All Those Upon This Land This work is considered exceptional by our editorial staff.

By , Atlanta, GA
This is the land we call our home; where for many of us--our parents and their parents where born. This is the land that people want to come to for a chance at opportunity, for a glimmer of hope. Where we stand for human rights, freedom of speech and religion. Where each and every single person is significant. Yet in the year 1830, we removed the original occupants of our nation in the Indian Removal Act, --and justify it.

Andrew Jackson deemed his actions acceptable by the idea: what man would rather the primitive life they where living, in the forest and surrounded by savages, over the civilized way of life the American Republic would create? His believed that his crime was justified simply because math justified it. What matter was it if he harmed one tribe, for the good of all mankind, truly it wouldn't have mattered?

I completely disagree with the ruthless decision to throw out the Indians from their homes and into the streets.
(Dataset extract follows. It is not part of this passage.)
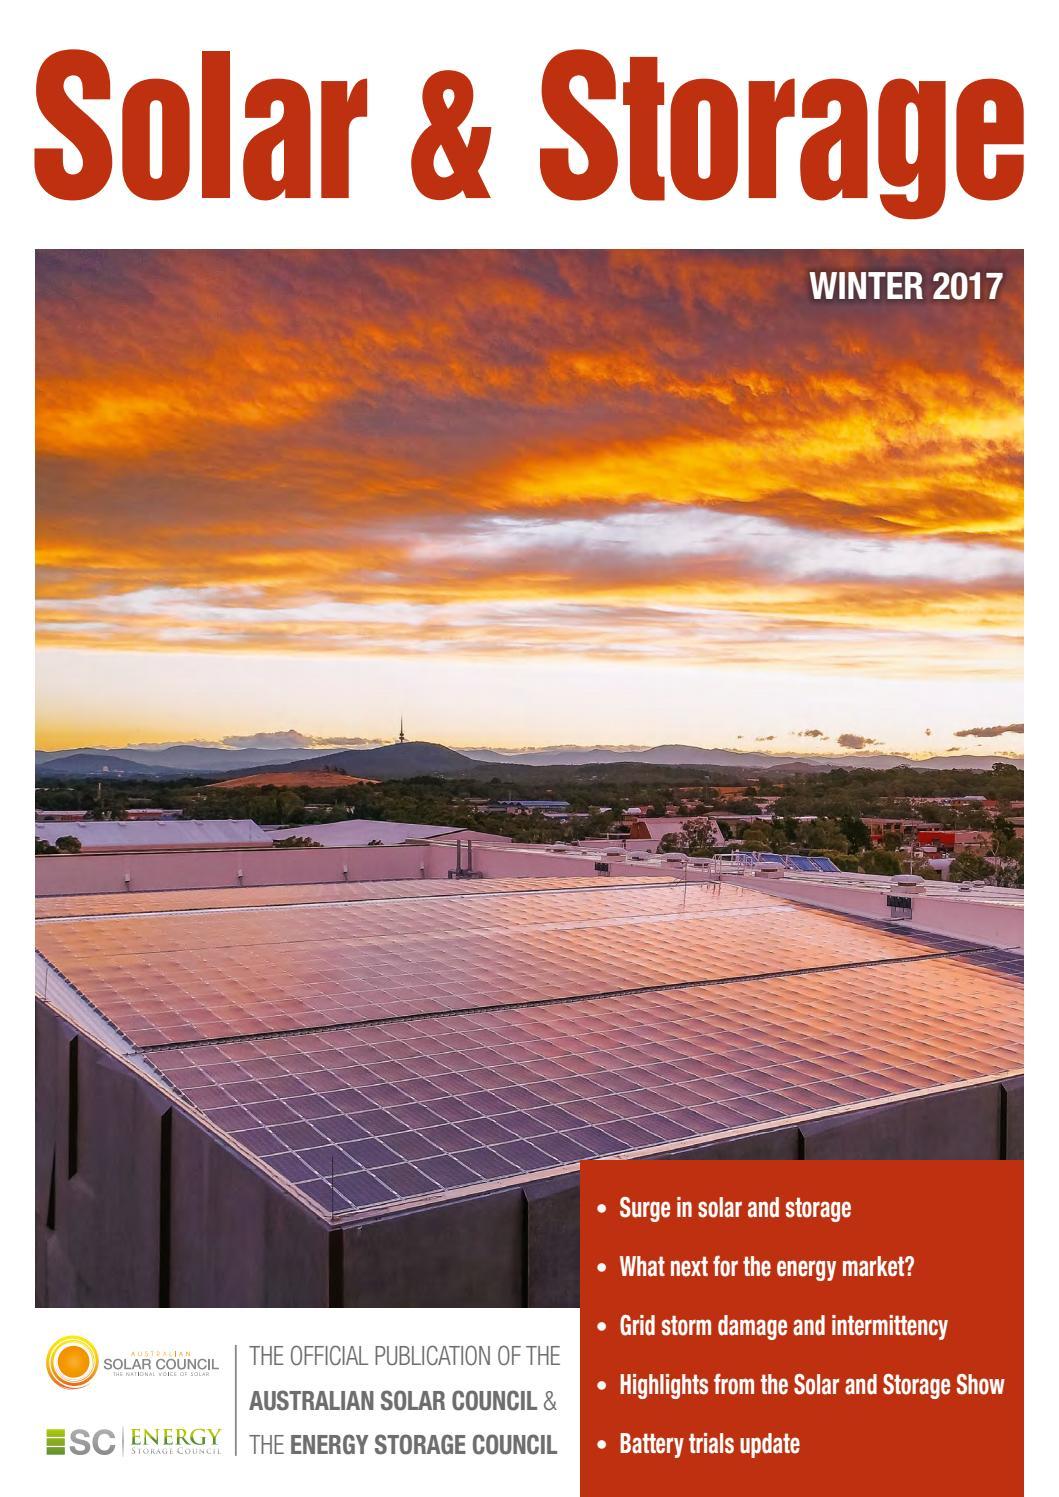 Solar Storage Winter 2017 By Smart Energy Council Issuu Empower Inverter Wiring Diagram

It was a brutal selfish act and no amount of convincing can lead me to think otherwise. The helpless Cherokees where arrested and literally dragged from their houses, they where loaded like animals into wagons and sent off like trash.
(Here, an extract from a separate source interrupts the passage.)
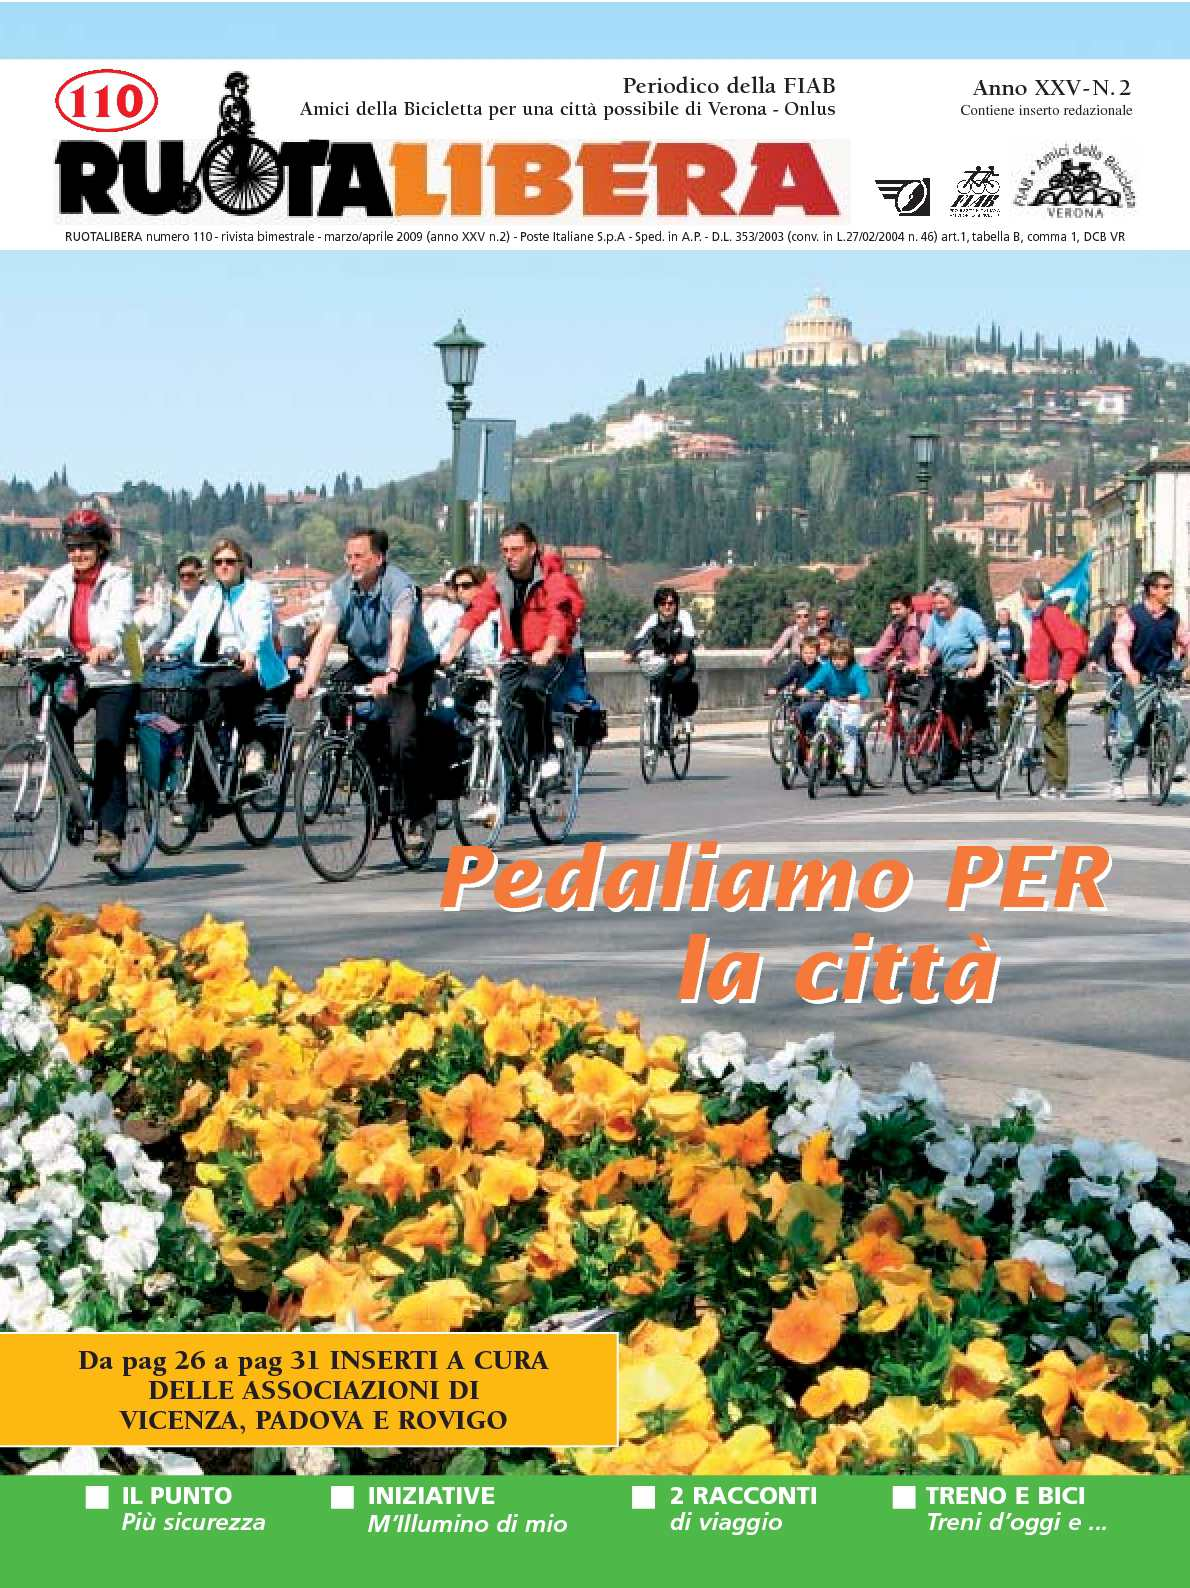 Ruotalibera 110 (marzo/aprile 2009) - FIAB AdB Verona

There was endless violence, and the human rights we spoke of so proudly where buried in the ground. Then they tell me that if it where not for this exportation, America would never be what it is and we would never be living here. And what of it I ask? If it where not here than another nation would have risen up in its place, one cannot miss what one has never had. We, until then did not have an America, but they did. We took away their possessions, and stripped them of all their freedom. Forget law! Doesn't common sense or natural human compassion tell us that this was wrong? And yet we dare to deny the error we committed.
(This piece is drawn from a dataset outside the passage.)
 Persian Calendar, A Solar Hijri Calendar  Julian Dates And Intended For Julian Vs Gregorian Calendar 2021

The Native Americans now live within the borders that the great white man has placed upon them--within borders that lie on land that once belonged to them. How can we look upon all the large cities and tall buildings, to look upon the vast valleys and trees; without seeing the blood that inhabits the roots of these said objects? Verily the crimson liquid of the Native Americans stains this land.


A whole people was destroyed, everything they had. And I stand firmly believing that the removal act of 1830 severely violated their political, legal and human rights. We took what did not belong to us, the greed that overtook us was unimaginable. The Native Americans where sent off westward by force, placed under miserable conditions that forced many to die en-route. They where whipped and forced to endure illness, even the women and children where not saved from the harsh reality. Such acts have happened in the past, and we labeled the oppressors as criminals. Yet we are guilty of the very same crime.

Alas! If only it were an embarrassment! If only our youth turned back and felt shame. But nay, this action, they say it was necessary and justified by the "manifest destiny". Do you want to know what the density really was? It was an excuse that some powerful white men created; men who where so consumed with greed and could never be pleased with what they have. Who insisted on growth, even if it meant stealing the lives--the land, the hard work and the rights of a people other than them. They created this theory, and the lambs beneath them followed without any concern for their actions. They tell them to fight and they fight, without needing to know or even ask for what cause they are fighting for.

Let us learn! Never again let us label injustices by others a crime…let us merely learn, and know that we ourselves are not perfect. Man commits wrong, it is of human nature--so let us rise from the ashes and become fuller--as individuals as well as a nation whole. Until then, I will weep for the people of this land, the ones who are buried in it, and the ones who stand atop. I weep.